PyCon 2016 in Portland, Or
hills next to breadcrumb illustration

Monday 5:10 p.m.–5:40 p.m.

Let's read code: the requests library

Susan Tan

Audience level:
Intermediate
Category:
Best Practices & Patterns

Description

Imagine you’re a new engineer at a workplace who has to learn a new unfamiliar codebase. After you acquire a copy of the repo, what is your next step? How do you dissect a new unfamiliar codebase to understand its inner workings? Come see a guided walkthrough of reading the widely used python-requests project, which gets over 18,000 downloads per day and powers many of the world’s REST-based APIs.

Abstract

I. This is the front-page example code that demonstrates the python-requests library. The rest of the next 30 minutes is a live walkthrough of the python-requests codebase to see how this is all implemented underneath the hood. # r = requests.get('https://api.github.com/user', auth=('user', 'pass')) # r.status_code 200 # r.headers['content-type'] 'application/json; charset=utf8' # r.encoding 'utf-8' # r.text u'{"type":"User"...' # r.json() {u'private_gists': 419, u'total_private_repos': 77, …} II. How to set up the local dev environment to quickly navigate a code base.
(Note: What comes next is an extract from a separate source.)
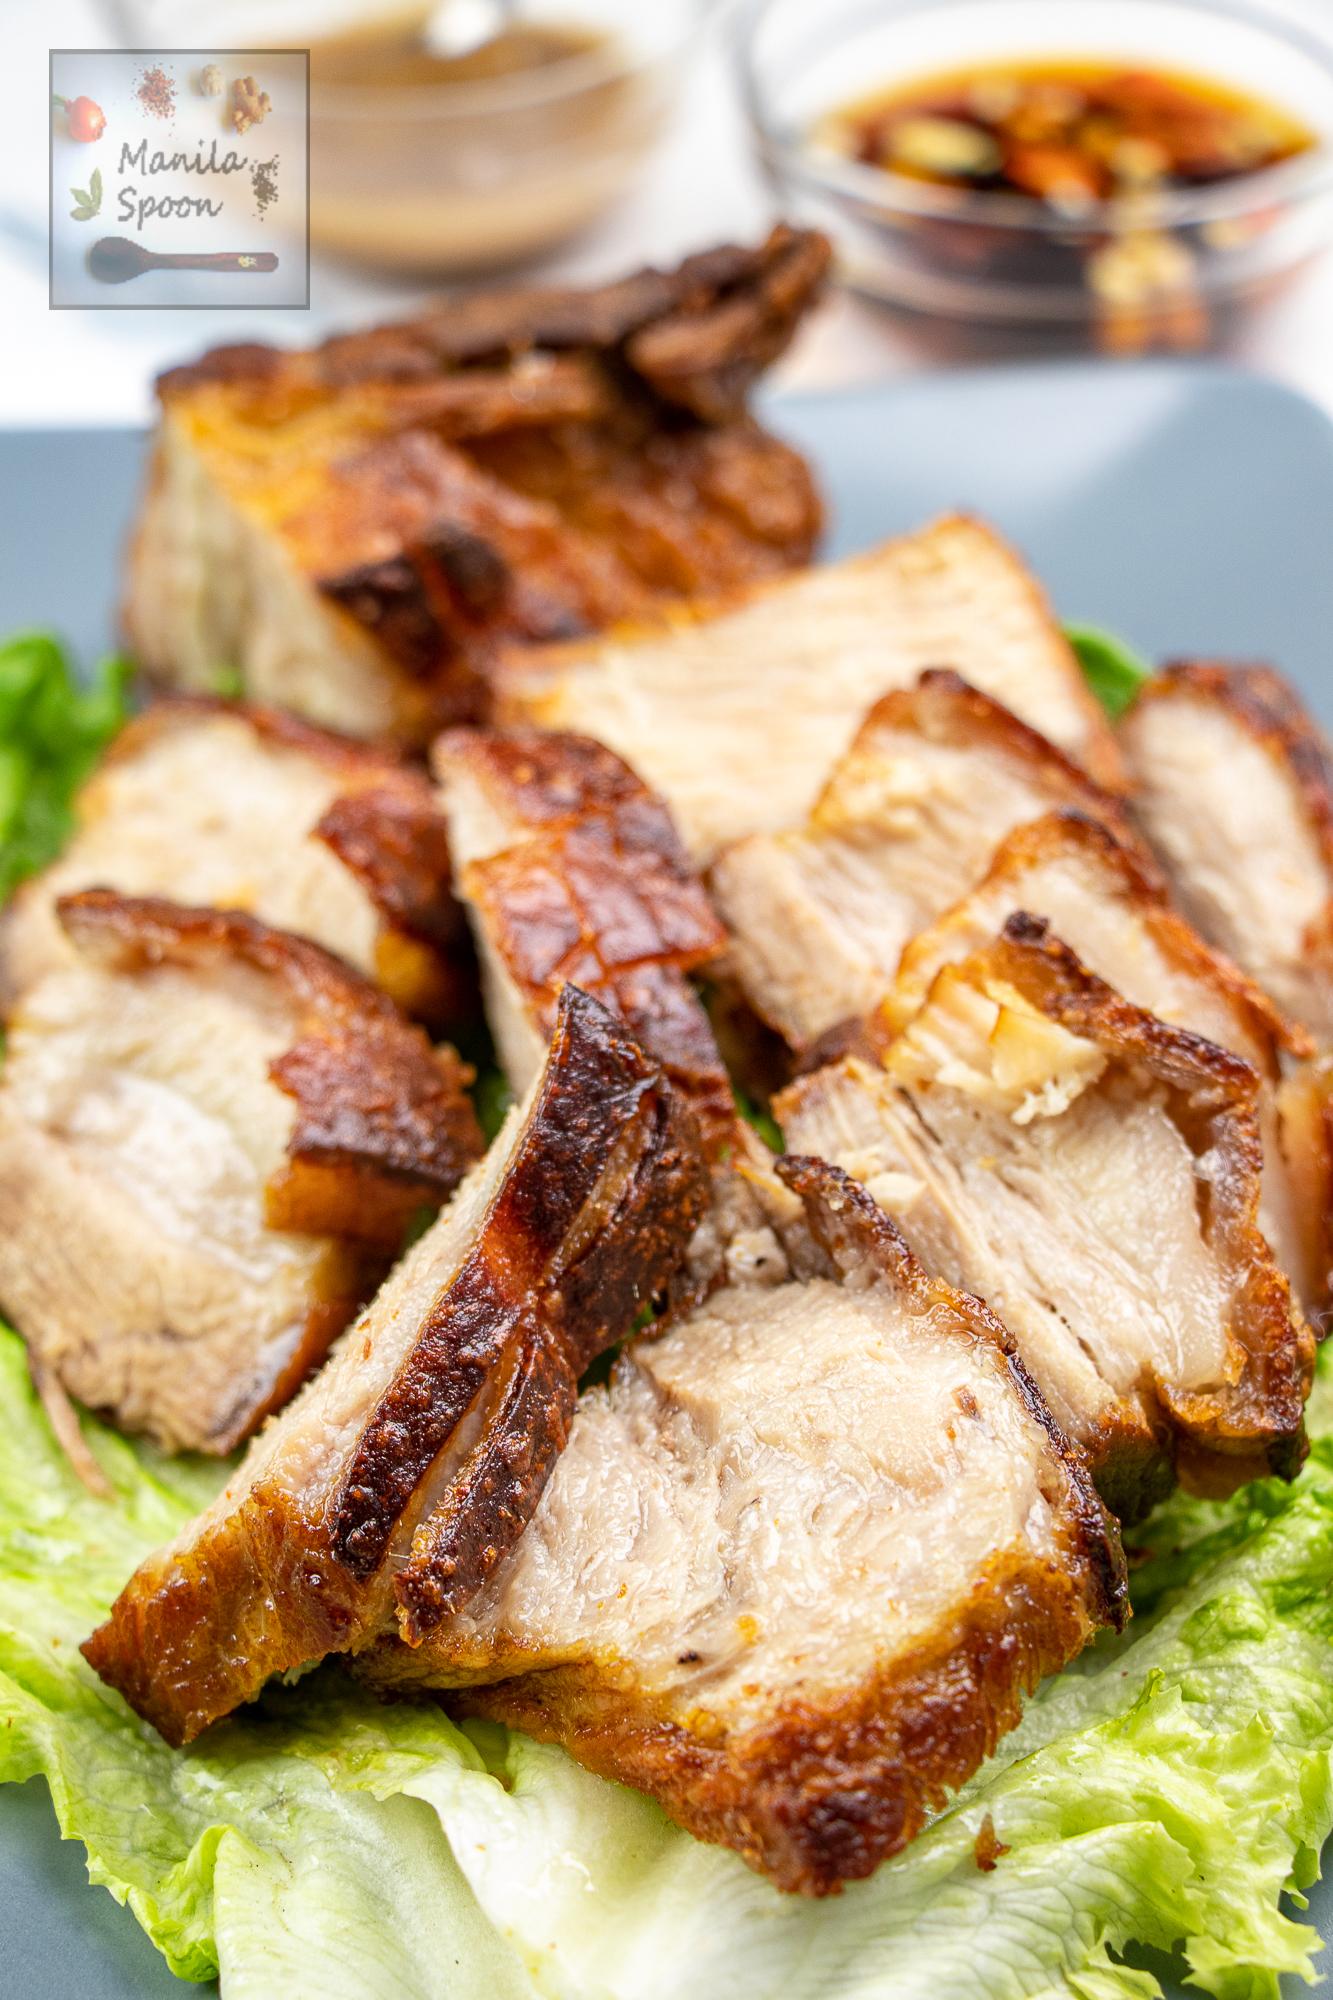 Easy Air Fryer Crispy Pork Belly Recipe (Lechon Kawali)

III. Time to open up directories and files. We’ll briefly explore aspects of the codebase and construct a working model of the different components of the python-requests library. IV. How does the requests library make use of & access code from its upstream repos urllib3 and chardet? VI. Summary of how "requests.get('https://api.github.com/user', auth=('user', 'pass’))” works Come learn strategies on how to read new and unfamiliar code bases. We'll read through sections of the python-requests library as a case study to trace the lifecycle of a HTTP request from beginning to end.